According to, the interest rate for staking 1Inch on the 1Inch network starts from 0.92%, while the interest rate for staking 1Inch on a third-party lending platform starts from 1.51%, per annum.

Check Out: The 5 Best Ways To Buy 1inch (1INCH)

Crypto asset investing is highly volatile and unregulated in some EU countries. No consumer protection. Tax on profits may apply.

How To Lose Money With 1inch (1Inch)

We have already mentioned that in order to retain as much as you make with 1Inch, you will need to learn the possible ways through which the investment can be lost and how to avoid them. Here are the four most common ways of losing money with 1Inch and how each can be avoided.

1. Reckless trading

You are trading recklessly and are bound to lose your 1Inch investment if you trade without a solid strategy. You are also trading recklessly if you go into 1Inch trading without enough trading experience, without access to advanced trading tools, if you aren’t making use of enough risk management tools, and if you make your trade decisions based on emotions.

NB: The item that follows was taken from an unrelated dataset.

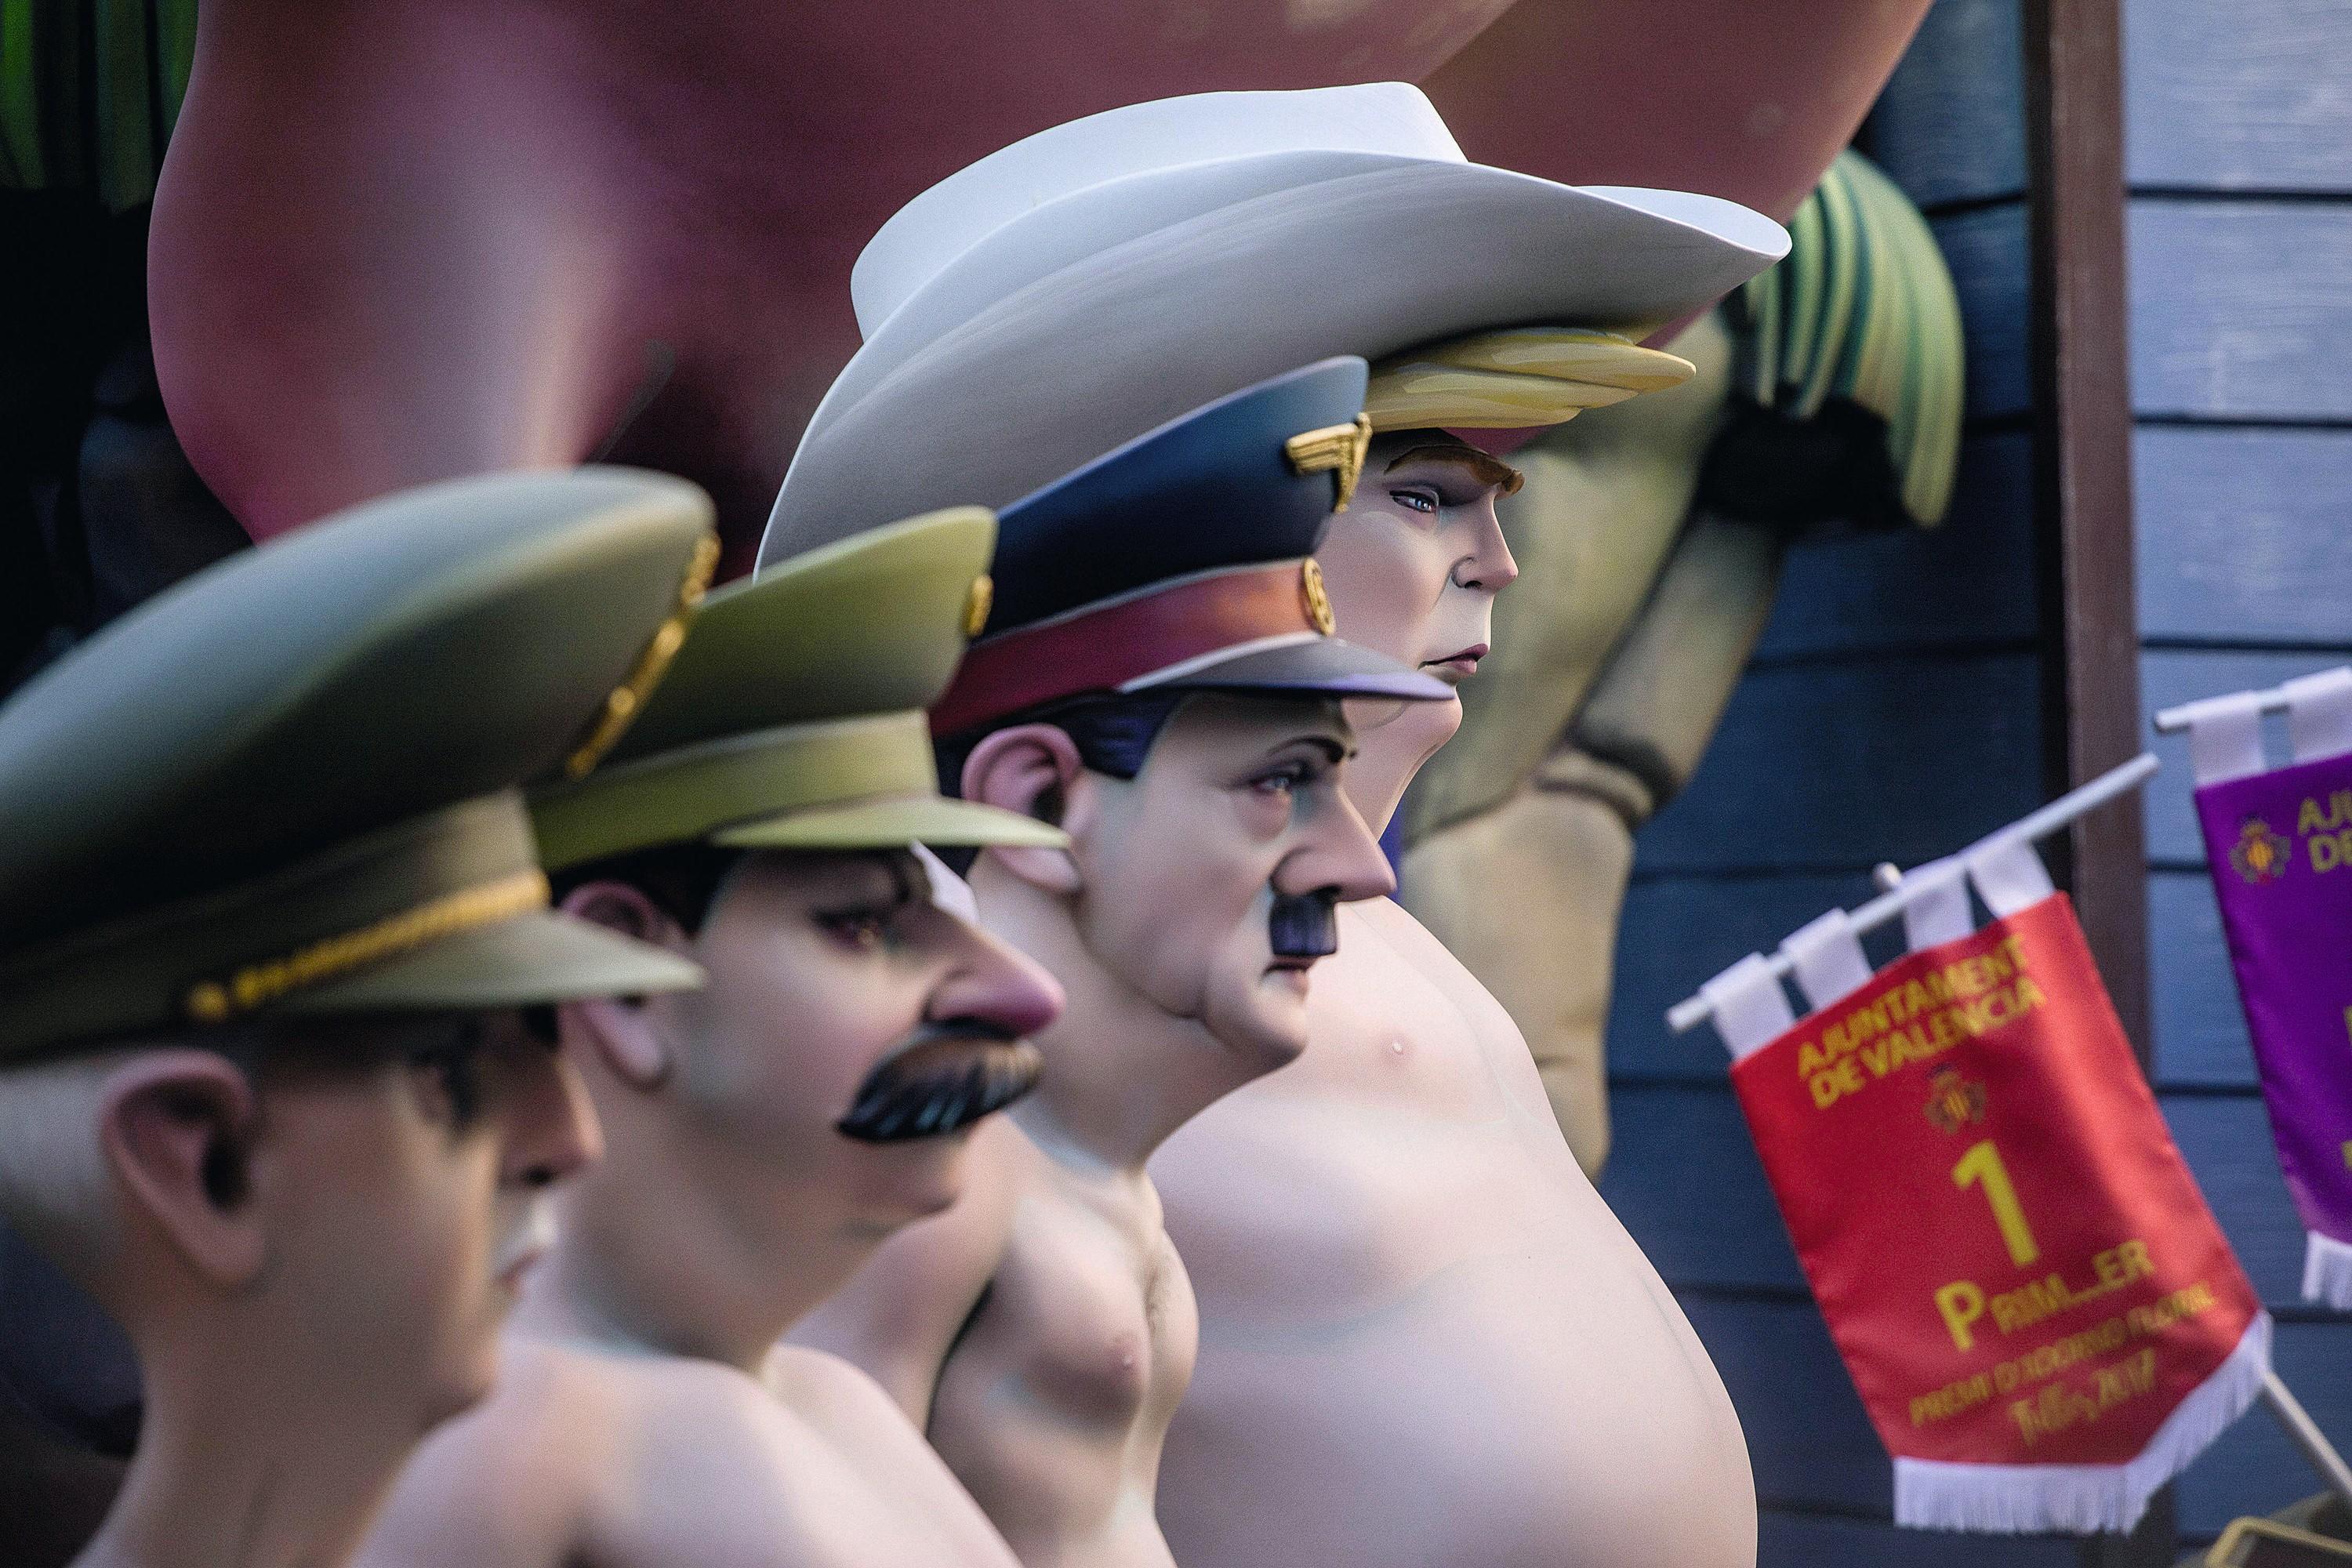 Figuras que representan a los dictadores Francisco Franco, Joseph Stalin, Adolf Hitler,  y al presidente de los Estados Unidos,  Donald Trump, Fallas de Valencia 2019.

How to prevent this loss: Start by accumulating as much experience as possible before venturing into 1Inch trading. You also need to create and perfect a trading strategy, embrace as many risk management protocols as possible, and eliminate emotional bias in your decision-making process.

2. Hacking

Hacking has become a thorn in the flesh of crypto investing/trading and is quickly spreading its tentacles to the DeFi space. In the first half of 2021, for instance, CipherTrace reports that crypto investors lost $681 million to hackers. It then adds that 60% of these were DeFi related crimes. True to this world, Badger DAO - a DeFi program - was recently compromised and more than $120 million in user funds was stolen from multiple smart contracts.

How to prevent this loss: You could start by embracing multi-factor authentication for all your crypto-related accounts and wallets. Where possible, keep your 1Inch tokens off exchanges and hot wallets. Instead, store them in offline hardware and paper wallets. There is little you can do to prevent hacks to a decentralized investment program or crypto exchange - maybe just don’t invest what you cannot afford to lose.

Don't Miss: Is 1inch (1Inch) Safe?

3. Crypto Scams

Crypto scams are also on the rise. By scams, we are referring to any con game aimed at defrauding you of your 1Inch investments. These include crypto pump and dump schemes, MLM, Ponzi, and Pyramid schemes, fake websites, malicious emails, fake social media promotions, and even rug pull scams.

To understand what a menace these have become to the crypto industry, the Federal Trade Commission (FTC) recently issued a report indicating that between October 2020 and May 2021, US residents lost more than $80 million to scammers - with the median loss standing at $1900.

How to prevent this loss: The typical scammer preys on crypto investors/traders’ greed and lures them in with the promise of above-average returns. Most particularly have their guns trained at new to intermediate traders/investors. You can, therefore, avoid most of these by first learning the ropes about 1Inch investing before trusting any investment program with your assets.

Similarly, eliminate the get rich quick mentality when interacting with 1Inch and virtually any other crypto asset. But even more importantly, follow crypto crime reports from the likes of FTC and CipherTrace to learn about the different scams as well as how to detect and avoid them.

4. Password loss

You will also lose your 1Inch investment if you forget the password and recovery seed for the hardware wallet holding your funds.

How to prevent this loss: Use a memorable but unique password for the digital wallet. You could consider maintaining several copies of the recovery seed but in a highly secure environment.

Conclusion: How To Make Or Lose Money With 1inch (1Inch)

There three most common and highly practical ways through which anyone can make money with 1Inch include investing, trading, and staking. This 1Inch investment can, however, be lost to hackers, crypto scammers, reckless trading, or even to forgotten passwords and misplaced recovery seeds. The art of making money with 1Inch involves mastering all the different ways you can earn with 1Inch, familiarizing yourself with all the different ways this investment can be lost, and then learning how to prevent such losses.